自那时起,阿巴斯一直无限期连任。他的警察继续与辛贝特(Shin Bet,以色列国家安全局)密切合作,以镇压约旦河西岸的民众骚动。它们可比阿拉法特在奥斯陆协议里的建立“Scurrier”体制更加极端[18]。阿巴斯政府由表及里尽最大努力满足美国愿望。在美国的监督下,巴勒斯坦民族权力机构建立了一套“赢家通吃”(first-past-the-post)的选举制度,扭曲代表性以偏袒法塔赫。然后这套选举制度就在2006年让法塔赫自己吃了亏。在美国的坚持下,为阿巴斯设了总理一职——这个职位没有交给阿拉法特,因为华盛顿想要制衡他。在阿巴斯接过阿拉法特民族权力机构主席一职后,总理由国际货币基金组织提名的萨拉姆·法耶兹(Salam Fayyad)担任。在美国的要求下,阿巴斯合谋阻止了一份联合国批评以色列在加沙行动的报告。当负责袭击加沙的奥尔默特被暂时澄清贪污指控时,阿巴斯连忙进行祝贺[19]


#3


未经合法程序而被任命为总理的法耶兹,美国将其吹捧为“有史以来,阿拉伯治理中最令人激动的新理念”(托马斯·弗里德曼如是说)。为加强镇压和与以色列公然勾结——仅仅2009年就与以色列进行了超过1200次联合行动[20]——法耶兹摆出了一套专家治国的面孔。“除了从这一安排中获益的小团体之外,”萨雷·马克迪西(Saree Makdisi)写道,“看到阿巴斯手下接受美国培训、得到以色列装备的巴勒斯坦民族权力机构武装,与以色列军队一道——甚至有可能直接听令于以色列——袭击约旦河西岸的难民营,以寻找潜在的抵抗力量。这对于全体巴勒斯坦人来说,简直是荒谬之极。” [21]在由三星将军领导的美国特别安全协调团队掩护下,这种镇压帮助以色列军队腾出手进攻加沙。虽然阿拉法特和阿巴斯的亲信,如亿万富翁穆尼卜·阿尔-马斯里(Munib al-Masri)(约旦河西岸的首富,估计其财富相当于巴勒斯坦国内生产总值的三分之一)赚得盆满钵满。但约旦河西岸占领区人民的生活仍然如往常一样悲惨。超过500个路障控制着出行,ta们的日常生活受到成千上万条军事法规的约束。人均收入在十几年之后才刚刚恢复到1999年的水平[22]

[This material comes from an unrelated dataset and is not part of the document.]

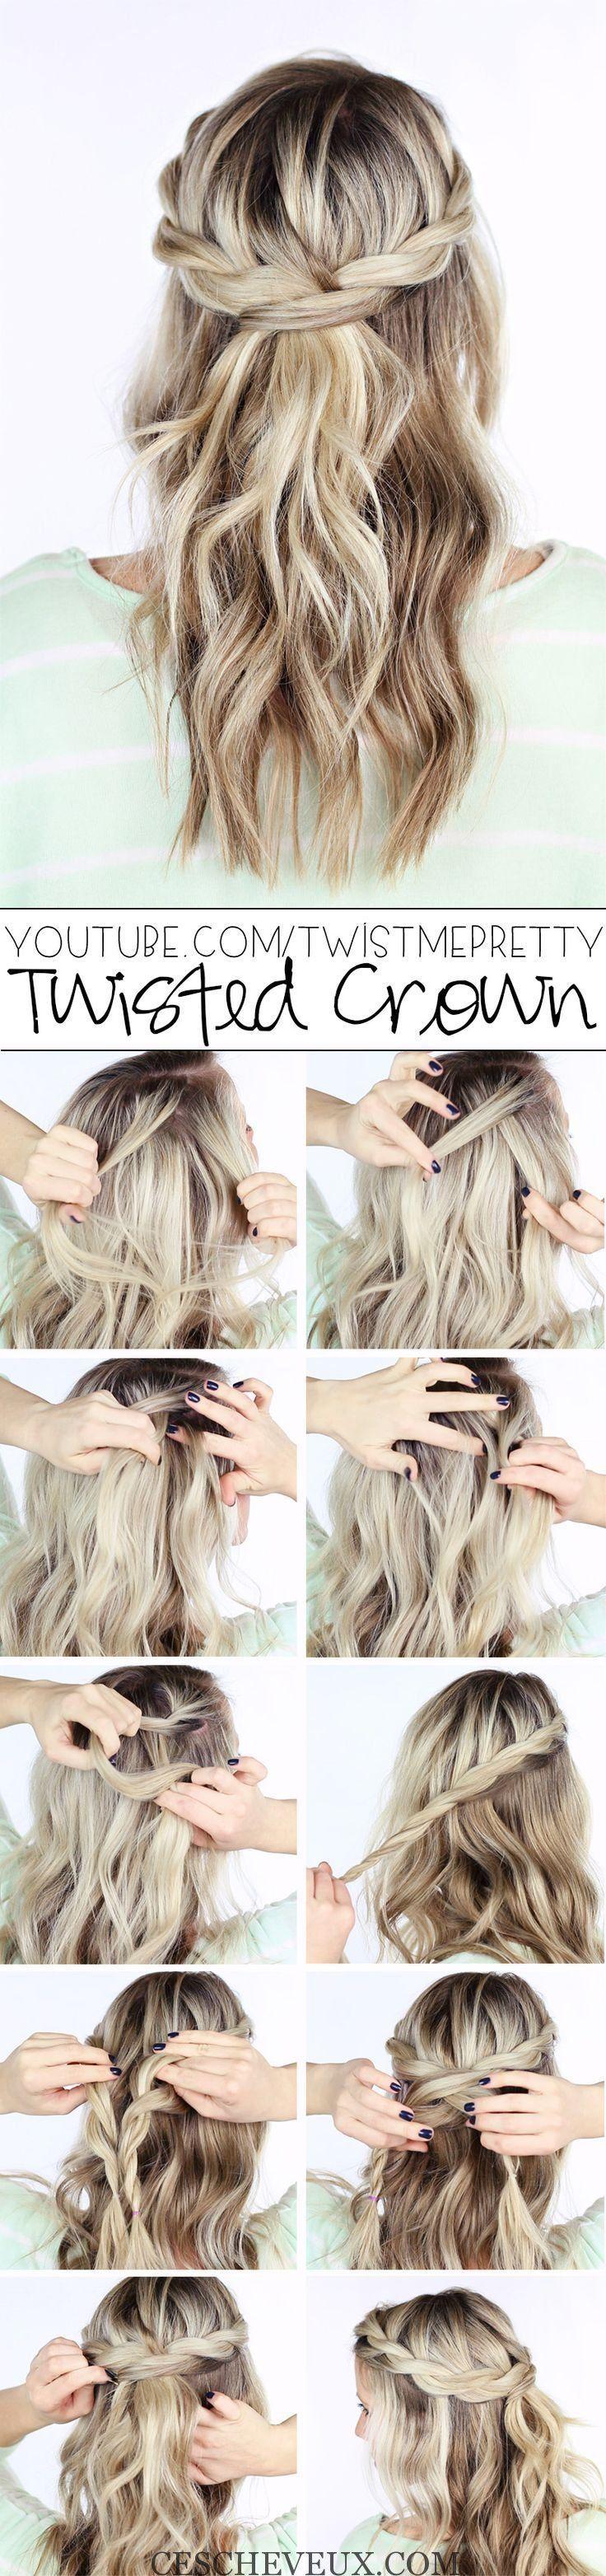 Chic twisted updo moitié coiffure vogcoiffure tresse braid
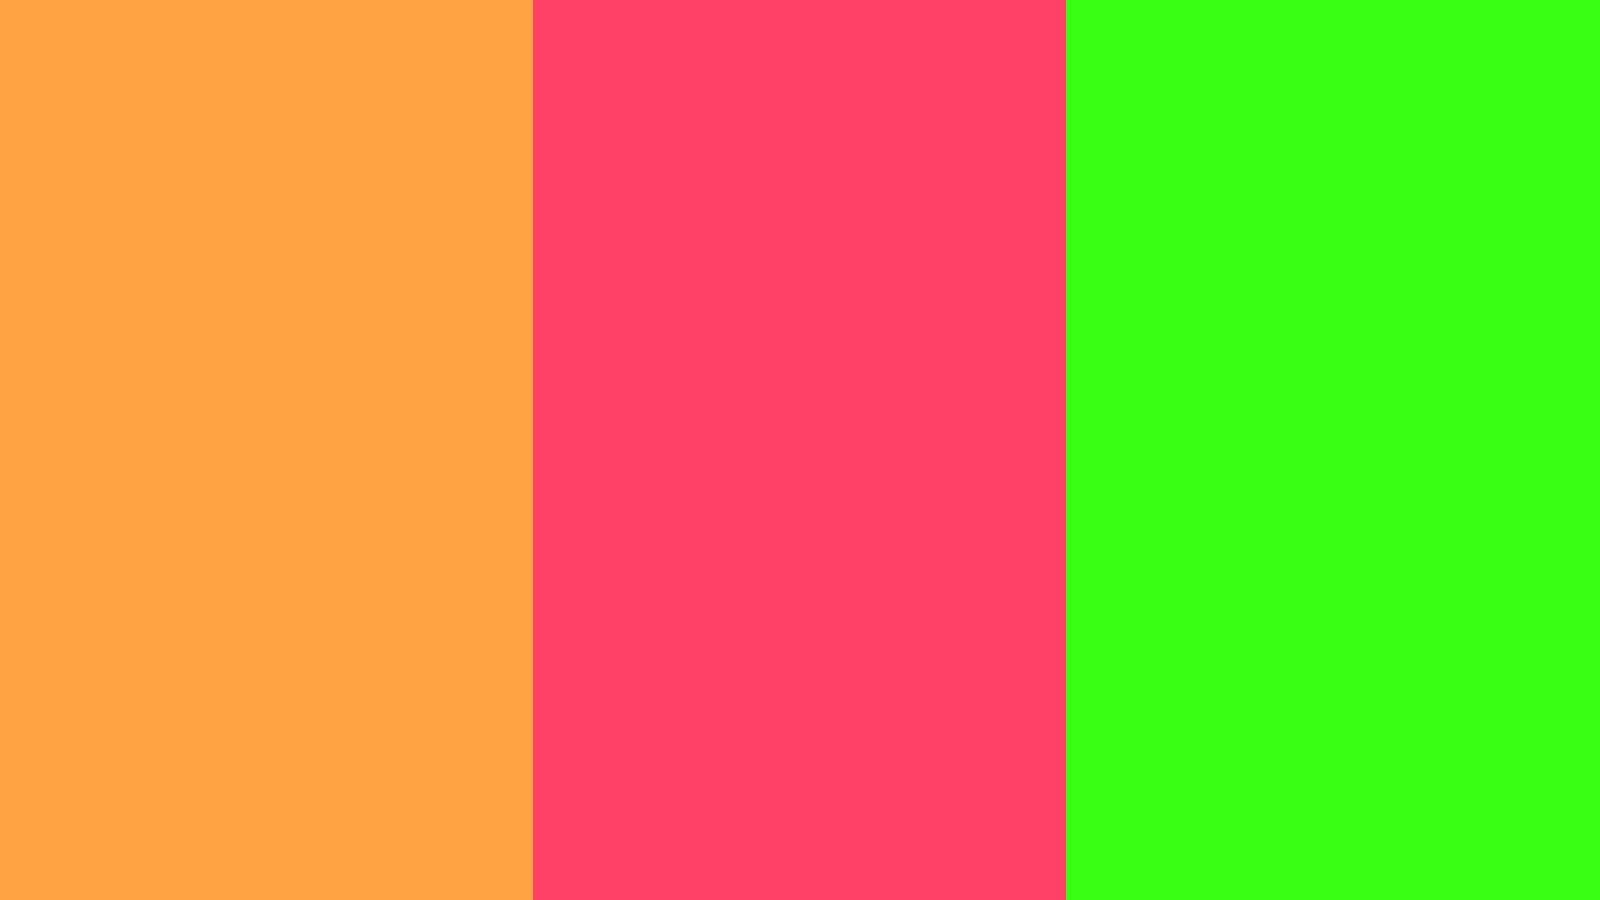 Neon Carrot Fuchsia Green Three Color Backgroundjpg 1600x900

与此同时,加沙的哈马斯被美国和欧盟视为恐怖组织,因为它拒绝放弃武装抵抗,不承认以色列。哈马斯统治着一个沿海地带,其居民由于不断入侵的封锁和打击,陷入深渊般的苦难。从短期来看,以色列国防军对无谓的火箭弹袭击——不是所有都来自哈马斯——进行大规模报复,每次都让依然屹立的哈马斯提高了爱国主义声誉。但是,每次报复都打击了哈马斯维持居民艰难生活的能力。因此,哈马斯每次都需要更加强硬的政治手段以弥补民众支持的减弱,这让哈马斯越来越接近法塔赫的所作所为[23]对整个加沙飞地,以色列通过空中、海上和陆地监视,控制淡水、燃料和电力供应,从而在无需占领的前提下保持支配地位。一旦塞西独裁政权[24]关闭了加沙地带通向西奈半岛的通道——加沙通往外界的唯一出口,哈马斯便会陷入困境。迄今为止,从叙利亚迁至卡塔尔的哈马斯外部领导层,尝试着发出愿意配合西方解决巴勒斯坦问题的信号,却一直遭到拒绝。哈马斯可以接受一份在名义上实现全国统一政府的协议。按照协议,法塔赫可以组建一个名义上控制两个地区的政府,条件是支付加沙地带的40,000名哈马斯官员的工资,以及承诺普选产生新议会[25]。这两者目前都没有实现,哈马斯仍然遭到西方禁运。


#4


与此同时,犹太复国主义的影响力稳步扩大。在奥斯陆协议前夕的1991年,约有95,000名犹太定居者居住在约旦河西岸。二十年后,这一数字增至350,000。在以色列征服东耶路撒冷五年后,其犹太人口仍然只有9,000。而今,这一数字已经超过了150,000,甚至接近200,000[26]。总而言之,现在有超过50万的犹太人居住在“占领区”。ta们的定居是以色列有意和持续努力的计划。国家组织、资助并保护着定居点的建设,投入总金额约为280亿美元[27]。自从奥斯陆协议以来,ta们的增长速度是以色列国内人口增长速度的两倍以上。与广泛的看法相反,奥斯陆协议中没有禁止犹太人定居点;ta们是“和平进程”的合法方面,ta们从一开始起就是“和平”的最好诠释。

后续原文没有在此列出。